Ступая босыми ногами по холодному полу, я добралась до двери и выглянула в коридор. Пламя свечи дрогнуло, должно быть от сквозняка, и едва совсем не пропало – мне пришлось загородить его рукой. И в этот момент я заметила легкую белую тень, мелькнувшую в конце коридора и тотчас скрывшуюся за углом.

Меня буквально парализовало на месте: долю секунды я решала, вернуться ли мне к себе или пойти посмотреть? Быть может, это просто кто-то из родственников Натали? А быть может, это и на детский плач прольет свет.

Медленно, чтобы не погасла свеча, я прошла по коридору и заглянула за угол. Каково же было мое удивление, когда здесь я никого не увидела – маленький закуток за углом кончался глухой стеной, почти полностью занятой картиной. Рядом только софа с забытой кем-то газетой и большой фикус в кадке.

Растерянно я подошла к софе, взяла газету, после чего подняла взгляд на картину.

Это был портрет. Сидящей на софе была изображена дама средних лет с кошкой на коленях. Женщина имела темные волосы, черные брови вразлет и суровый взгляд, от которого мне как будто стало зябко.
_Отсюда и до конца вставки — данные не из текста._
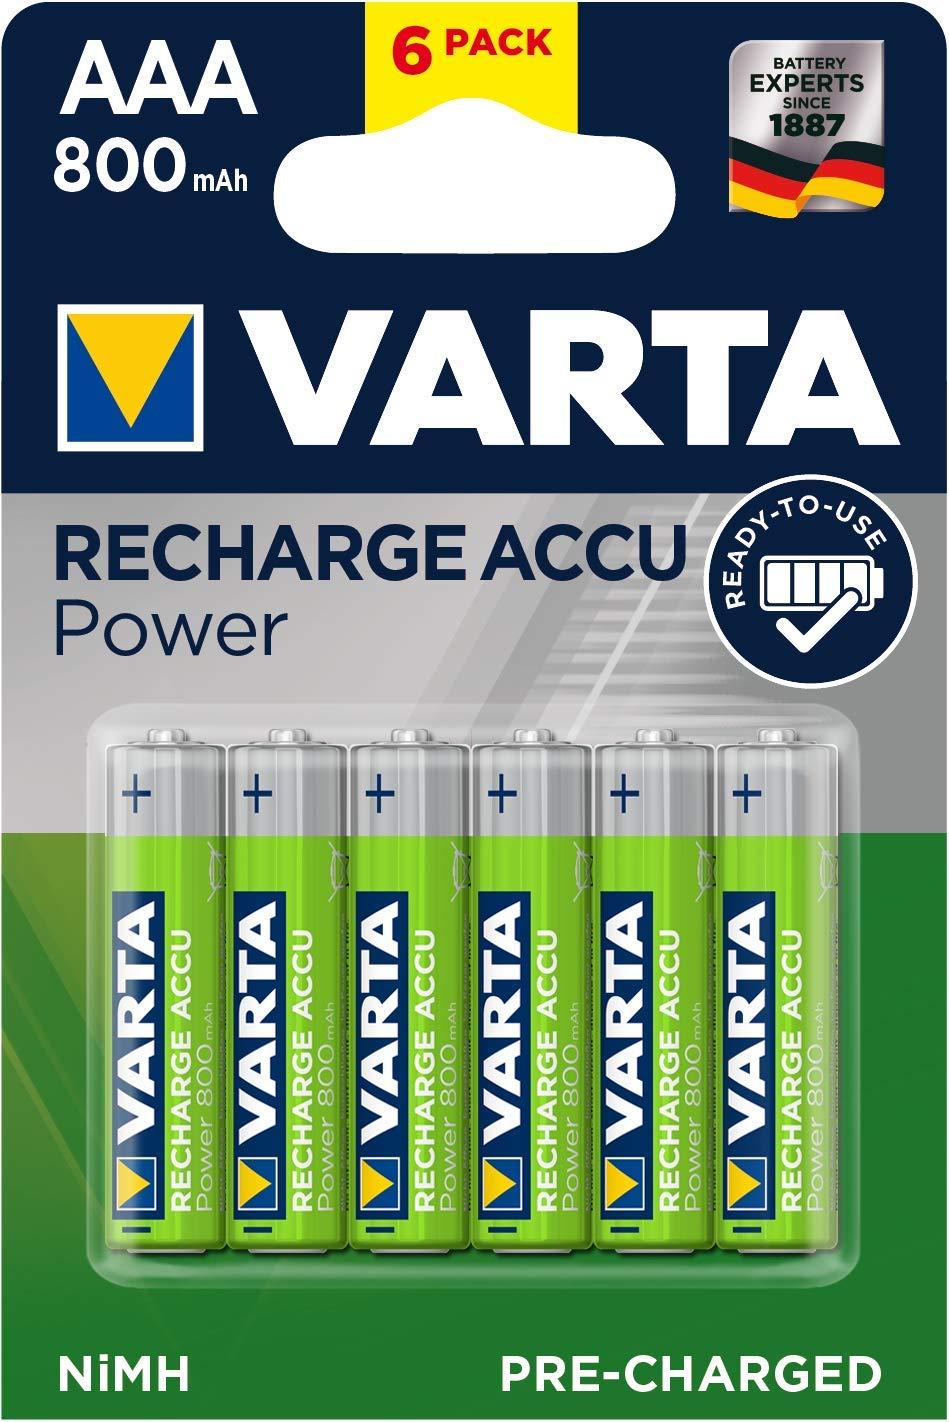 VARTA - Pack de 6 Pilas AAA Recargables (NiMH, 800 mAh, precargadas)

Я утомленно покачала головой, думая, что нужно все-таки пойти к себе и попытаться уснуть, но в этот момент кто-то легонько тронул меня за плечо – я вздрогнула и едва не уронила подсвечник.

– Ох… Господи, Натали… со мною чуть удар не случился! – Это была всего лишь моя подруга, неслышно подошедшая сзади.
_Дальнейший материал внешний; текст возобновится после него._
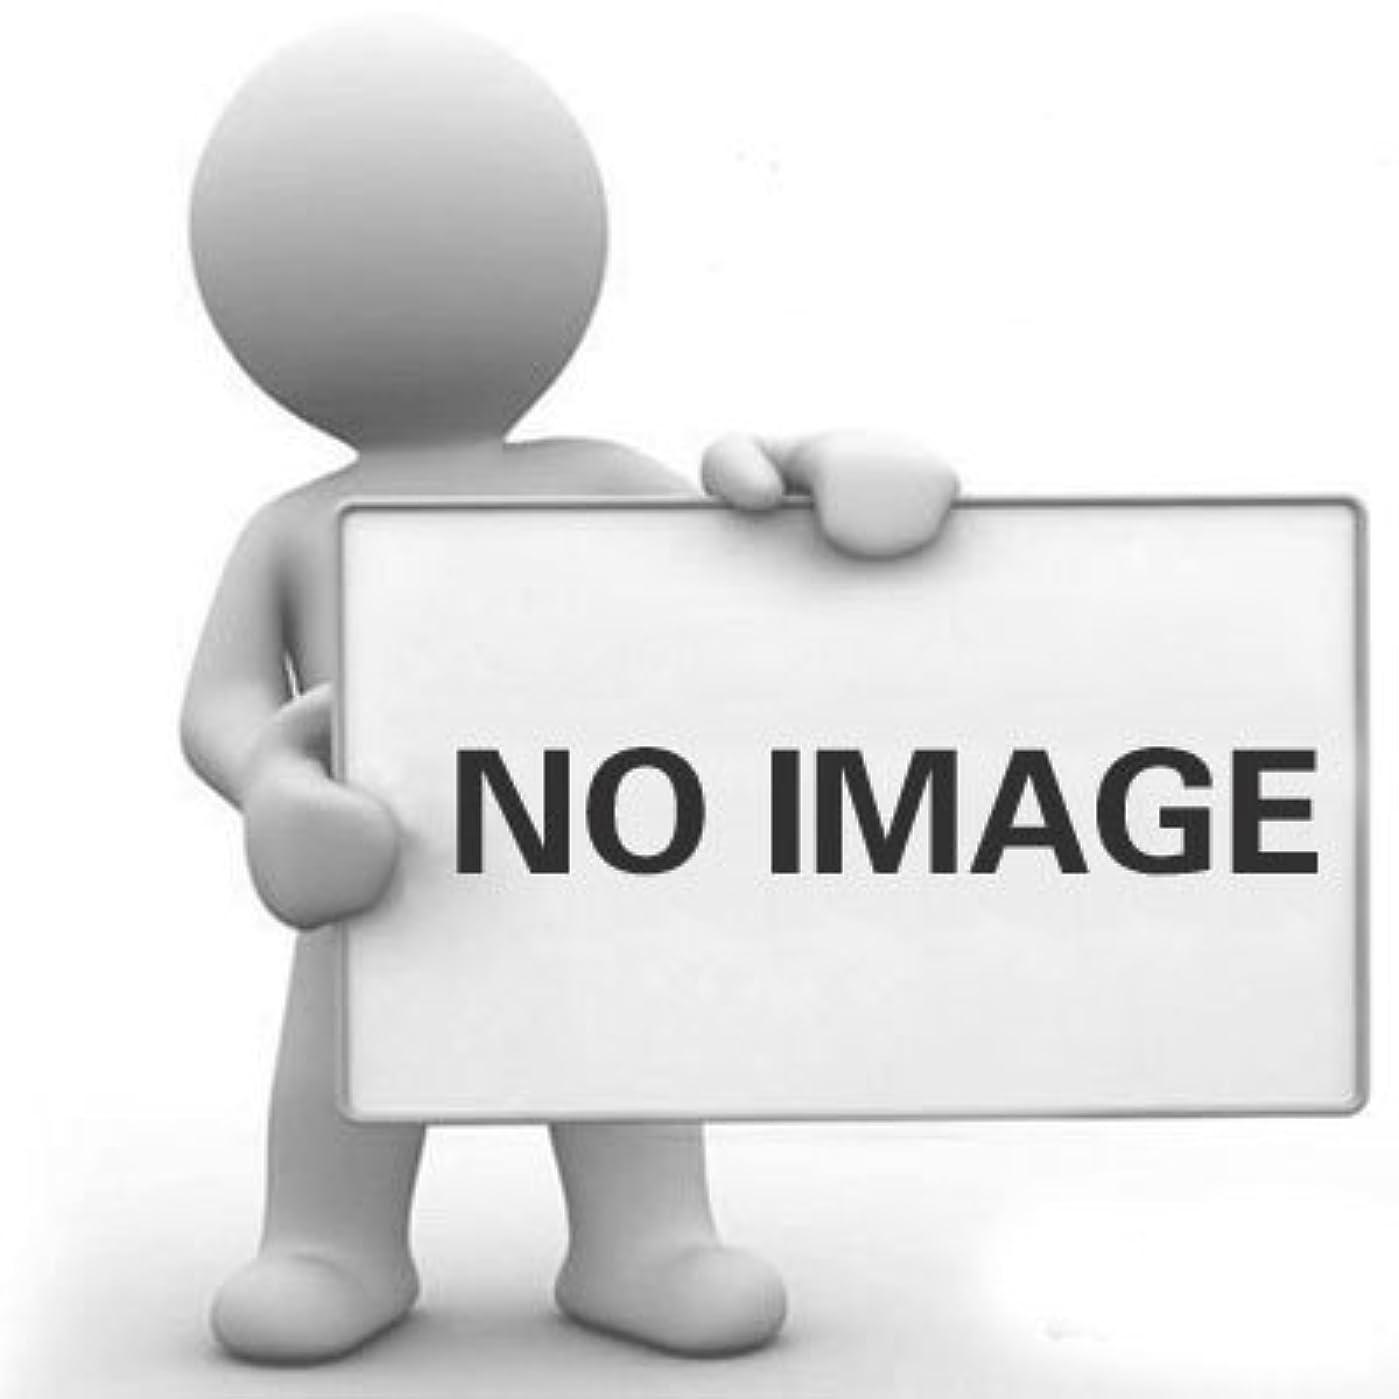 突進飼い慣らす陽気なSharplace ネイルアート マニキュア ネイルカバー ステッカー ステッカー カバー こぼれ防止

– Прости, Лидушка, не хотела тебя напугать.

Лидушка… меня даже передернуло. Вот уже этот синдром «русскости» передался и Натали. Но я решила этого не заметить:

– Ничего. Просто я увидела, как кто-то – должно быть, это была ты – прошел по коридору, и решила посмотреть.

– Я не проходила здесь… – смотрела на меня круглыми глазами Натали. – Я только что вышла из своей комнаты, потому что… тебе не показалось, что где-то на этаже как будто плачет ребенок?

Так. Значит, мне не померещилось. Я улыбнулась и постаралась ответить как можно спокойнее:

– Должно быть, это младенец одной из горничных.

– Комнаты горничных ниже, здесь только господские спальни, – хмурясь, отозвалась моя подруга.

– Да, но в полной тишине звуки вполне могут доноситься и с первого этажа, – с улыбкой ответила я как можно спокойней и рассудительней.

Дело в том, что моя подруга была очень впечатлительной девушкой, склонной верить и безумно бояться всякого рода потусторонних явлений.

Однажды кто-то из наших подруг рассказал историю, выдуманную наверняка на ходу, – будто на заре становления Смольного здесь воспитывалась некая княжна, которую разлучили с ее женихом, и бедняжка, не снеся горя, выбросилась из окна столовой, разбившись насмерть. Якобы ее неупокоенный дух до сих пор бродит по нашей столовой, а по ночам оттуда даже доносится девичий плач. Эту историю рассказали при Натали три года назад, а она до сих пор бледнеет, когда видит, что в столовой что-то лежит не на привычных местах. А уж о том, чтобы пройтись мимо ее дверей в неурочный час, и речи идти не может.

Кстати, это еще одна черта русского народа, которая не укладывается в рамки разумного: они, называя православие единственной возможной религией, в равной степени же верят в домовых, которых надобно задабривать конфетами, в русалок, в которых непременно превращаются утопленницы, и, разумеется, в святочные гадания – без этого никак. Мне никогда не понять, как можно допускать одновременно и единобожие, и языческие дохристианские верования. Ведь это, как сказал бы Платон Алексеевич, взаимоисключающие параграфы!

Как бы там ни было, но Натали я люблю всей душой, вместе со всеми недостатками, потому по возможности всегда стараюсь защитить и подругу, и ее нервы. Сейчас она, слава богу, позабыла о детском плаче, потому как, приблизив свечу к картине в закутке, разглядывала ее с большим вниманием.

Я не удержалась и спросила:

– Натали, милая, ты знаешь, кто изображен на этом портрете?

Она нахмурила лоб, и по виду ее можно было догадаться, что сей портрет она видит впервые.

– Не знаю… Папенька ведь купил этот дом у какой-то разорившейся семьи – может, это и есть прежняя хозяйка? Лиди, какой пугающий взгляд у этой женщины. Мне не по себе. Ты можешь посидеть в моей комнате, пока я не усну, дорогая?

Разумеется, я не отказала. Комната Натали находилась через одну дверь от моей, и окна ее так же выходили на густой сосновый лес, совершенно черный в ночи. Сама комната была почти полной копией моей – только стены и покрывала здесь были не синие, а зеленые, да стояло несколько комодов и большое, в человеческий рост, зеркало.

Забравшись в кровать, мы при свете единственной свечи еще долго обсуждали множество вещей – в основном Натали говорила, конечно, о больном отце, а я больше слушала. Не знаю, сколько времени прошло, прежде чем обе мы уснули.

* * *

Я пробудилась первой и, обнаружив Натали еще спящей, не стала ее тревожить, а тихонько выскользнула за дверь.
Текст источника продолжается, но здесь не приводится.